**TO DO**
Each line from the one holding "St. Simon the" to the last line of the listing must be set down exactly. No pictures are to be included.

**GIVEN DATA**
⟨
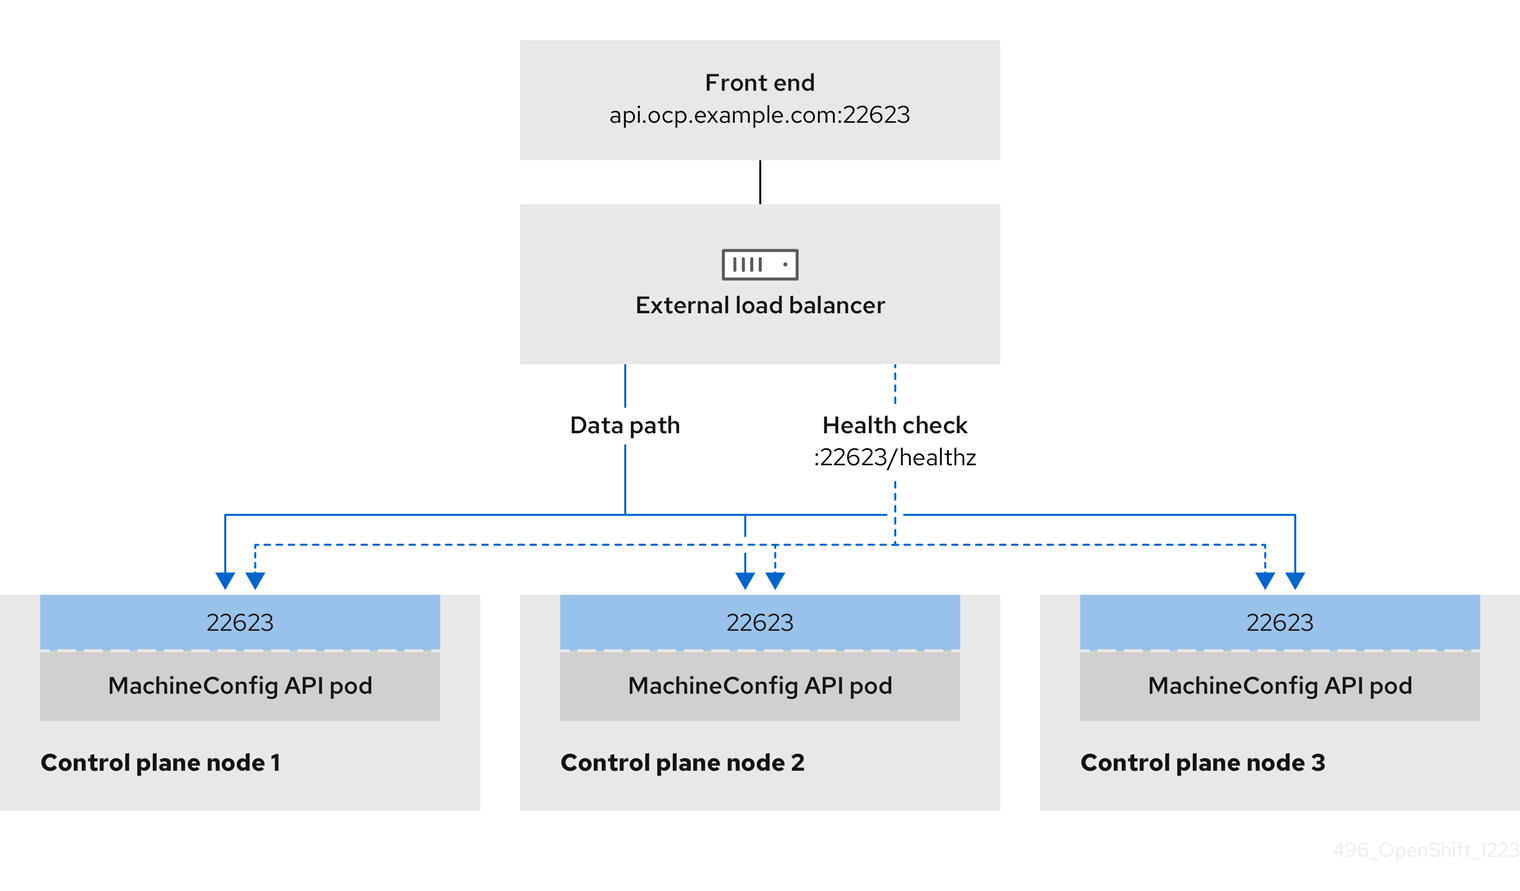 OpenShift Container Platform 環境で動作する OpenShift MachineConfig API のネットワークワークフローの例を示すイメージ。
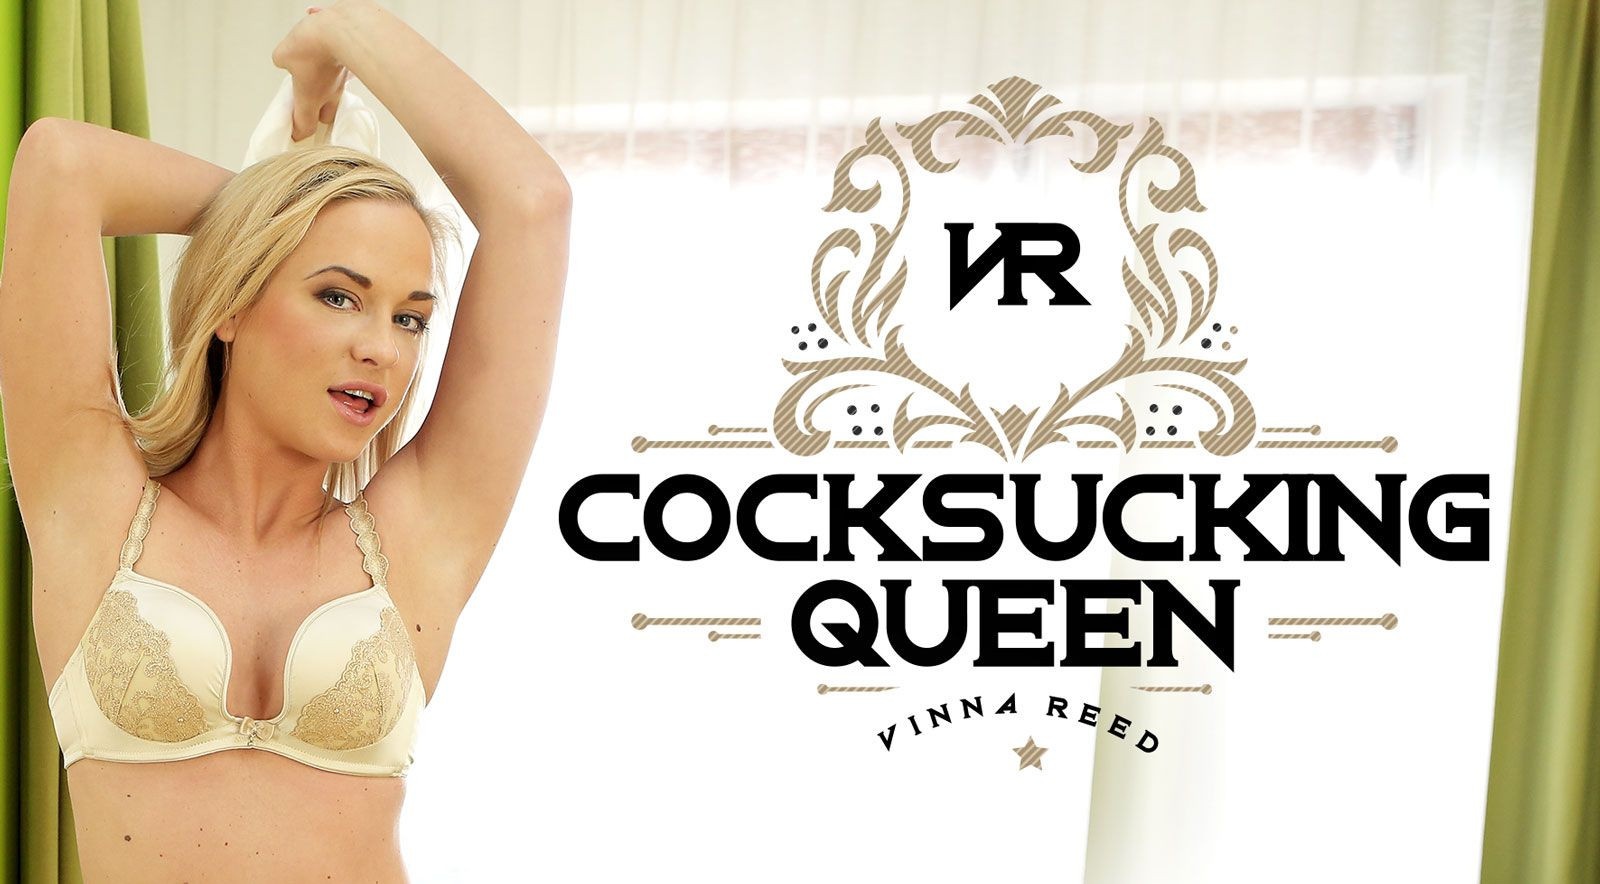 The Cocksucking Queen: Vinna Reed Slideshow
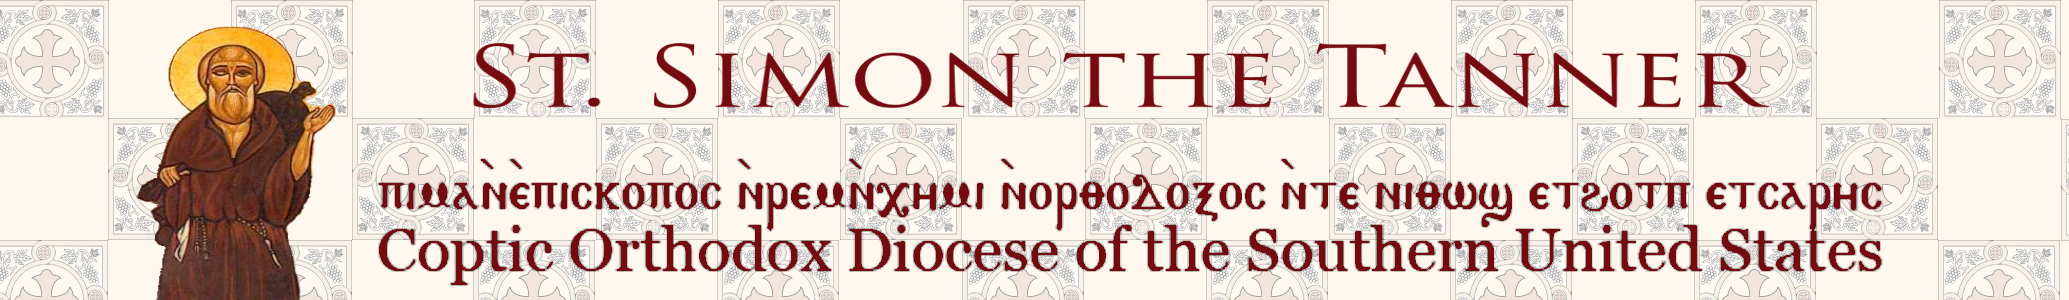 St. Simon the Tanner | Coptic Orthodox Church
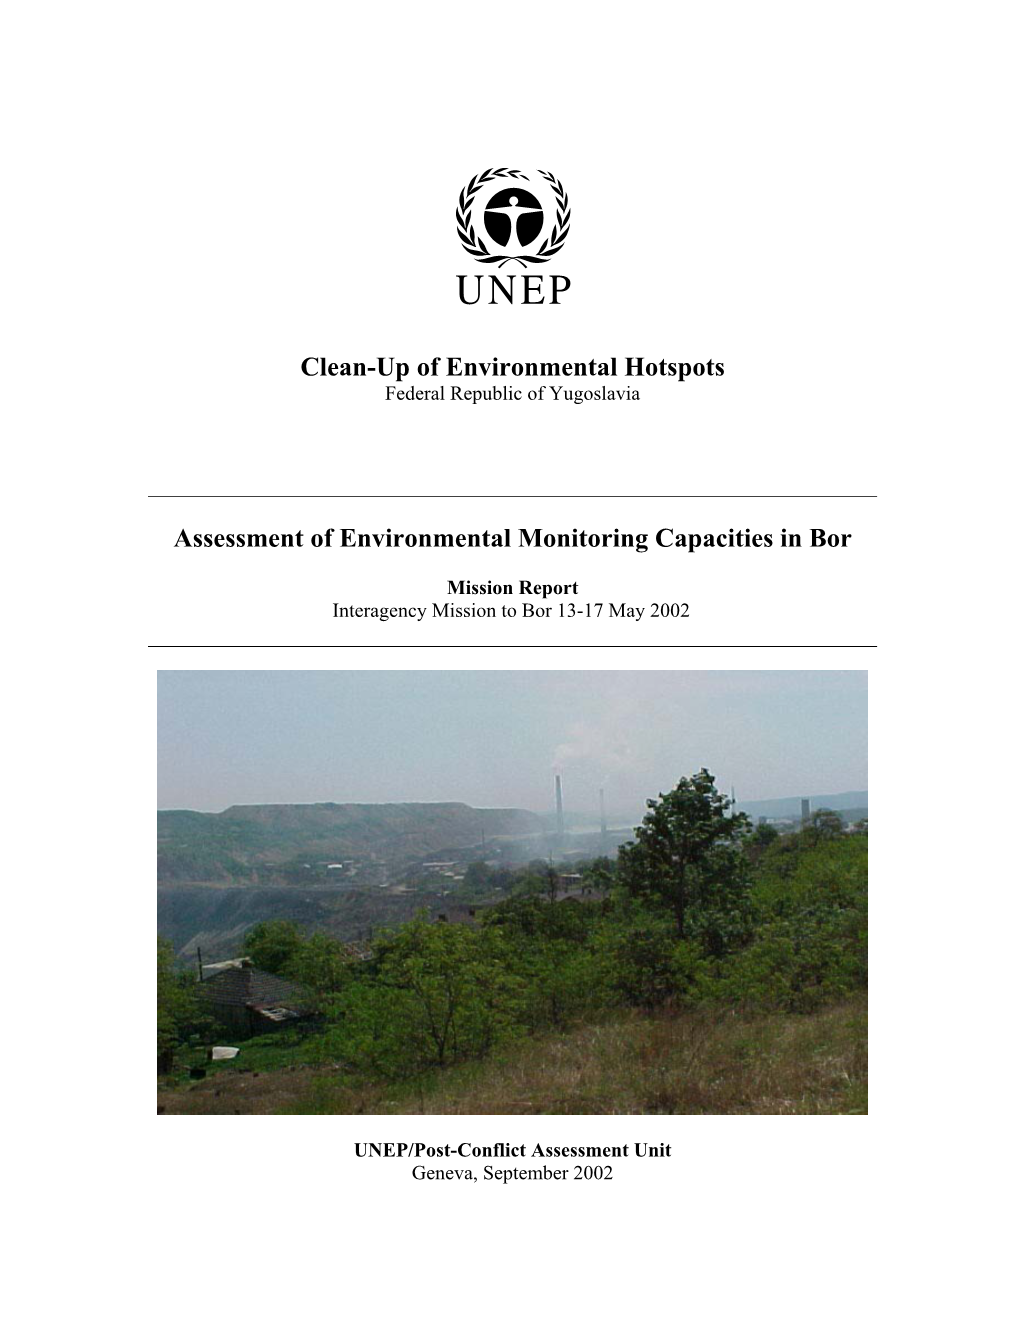 Clean-Up of Environmental Hotspots Assessment of Environmental
⟩
**WRITTEN RESPONSE**
 St. Simon the Tanner | Coptic Orthodox Church
 Clean-Up of Environmental Hotspots Assessment of Environmental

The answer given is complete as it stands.